When printing out the batch on each host/process, we get the following logs:
[2025-05-30 23:22:00,939][main][INFO] - Logical mesh shape: OrderedDict([('data', 1), ('fsdp', 8), ('tensor', 1), ('expert', 1)])
[2025-05-30 23:22:00,939][main][INFO] - Logical mesh device assignments: [0 1 2 3 4 5 6 7]

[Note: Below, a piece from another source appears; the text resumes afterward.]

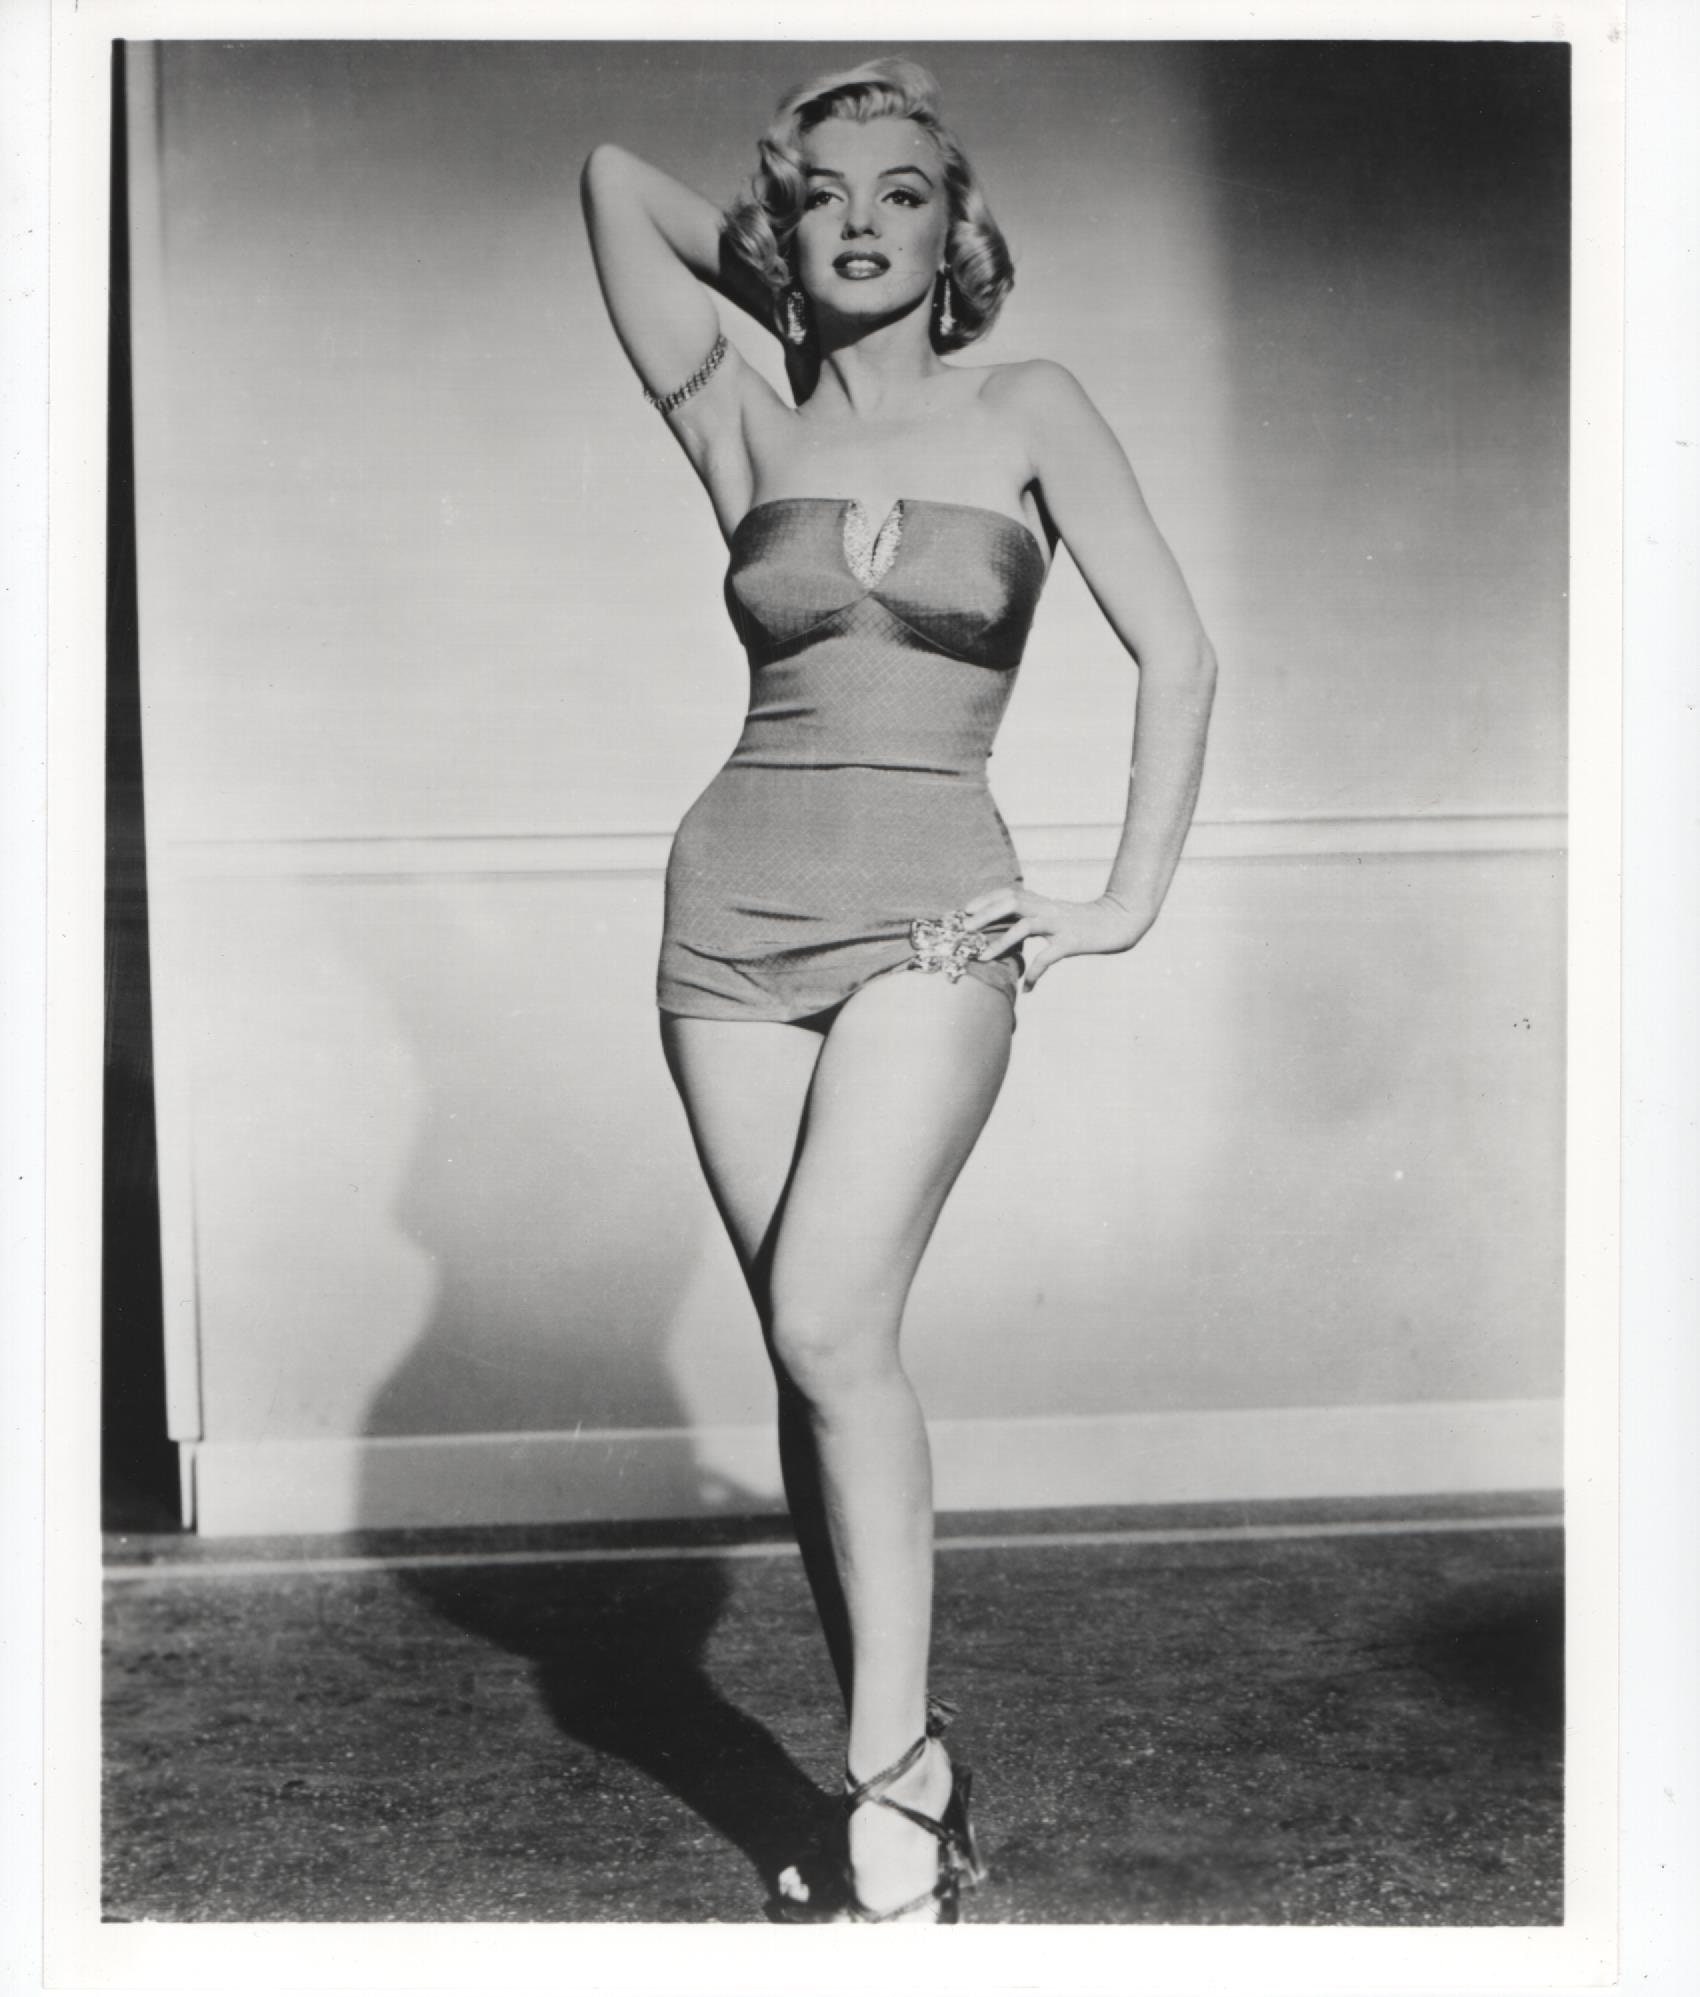 GLOSSY PHOTO PICTURE 8x10 Marilyn Monroe Bathing Suit

[2025-05-30 23:22:00,940][main][INFO] - Minibatch dataloading: True
[2025-05-30 23:22:51,649][main][INFO] - All processes synchronized, starting training
[2025-05-30 23:22:51,649][main][INFO] - Num replicas: 2
[2025-05-30 23:22:51,649][main][INFO] - Num replicas: 2Host: 0, batch: {'input_ids': tensor([[ 284, 23947, 1231, ..., 220, 19, 51857],
[ 364, 82, 11094, ..., 1365, 448, 45556],
[ 323, 30739, 311, ..., 9886, 87152, 8933],
...,
[79323, 14336, 304, ..., 1393, 24917, 307],
[ 284, 715, 10751, ..., 315, 98098, 62940],
[ 389, 5813, 220, ..., 11678, 39294, 892]], device='xla:0'), 'attention_mask': tensor([[1, 1, 1, ..., 1, 1, 1],
[1, 1, 1, ..., 1, 1, 1],
[1, 1, 1, ..., 1, 1, 1],
...,
[1, 1, 1, ..., 1, 1, 1],
[1, 1, 1, ..., 1, 1, 1],
[1, 1, 1, ..., 1, 1, 1]], device='xla:0'), 'labels': tensor([[ 284, 23947, 1231, ..., 220, 19, 51857],
[ 364, 82, 11094, ..., 1365, 448, 45556],
[ 323, 30739, 311, ..., 9886, 87152, 8933],
...,
[79323, 14336, 304, ..., 1393, 24917, 307],
[ 284, 715, 10751, ..., 315, 98098, 62940],
[ 389, 5813, 220, ..., 11678, 39294, 892]], device='xla:0')}, shape: torch.Size([8, 4096])
Host: 1, batch: {'input_ids': tensor([[ 284, 23947, 1231, ..., 220, 19, 51857],
[ 364, 82, 11094, ..., 1365, 448, 45556],
[ 323, 30739, 311, ..., 9886, 87152, 8933],
...,
[79323, 14336, 304, ..., 1393, 24917, 307],
[ 284, 715, 10751, ..., 315, 98098, 62940],
[ 389, 5813, 220, ..., 11678, 39294, 892]], device='xla:0'), 'attention_mask': tensor([[1, 1, 1, ..., 1, 1, 1],
[1, 1, 1, ..., 1, 1, 1],
[1, 1, 1, ..., 1, 1, 1],
...,
[1, 1, 1, ..., 1, 1, 1],
[1, 1, 1, ..., 1, 1, 1],
[1, 1, 1, ..., 1, 1, 1]], device='xla:0'), 'labels': tensor([[ 284, 23947, 1231, ..., 220, 19, 51857],
[ 364, 82, 11094, ..., 1365, 448, 45556],
[ 323, 30739, 311, ..., 9886, 87152, 8933],
...,
[79323, 14336, 304, ..., 1393, 24917, 307],
[ 284, 715, 10751, ..., 315, 98098, 62940],
[ 389, 5813, 220, ..., 11678, 39294, 892]], device='xla:0')}, shape: torch.Size([8, 4096])
This seems to imply we are getting the global batch (8 samples) on each host even if the Minibatch is enabled. Any idea why this happened? Also the printed loss is the same on the two hosts in the VM. Many thanks!!!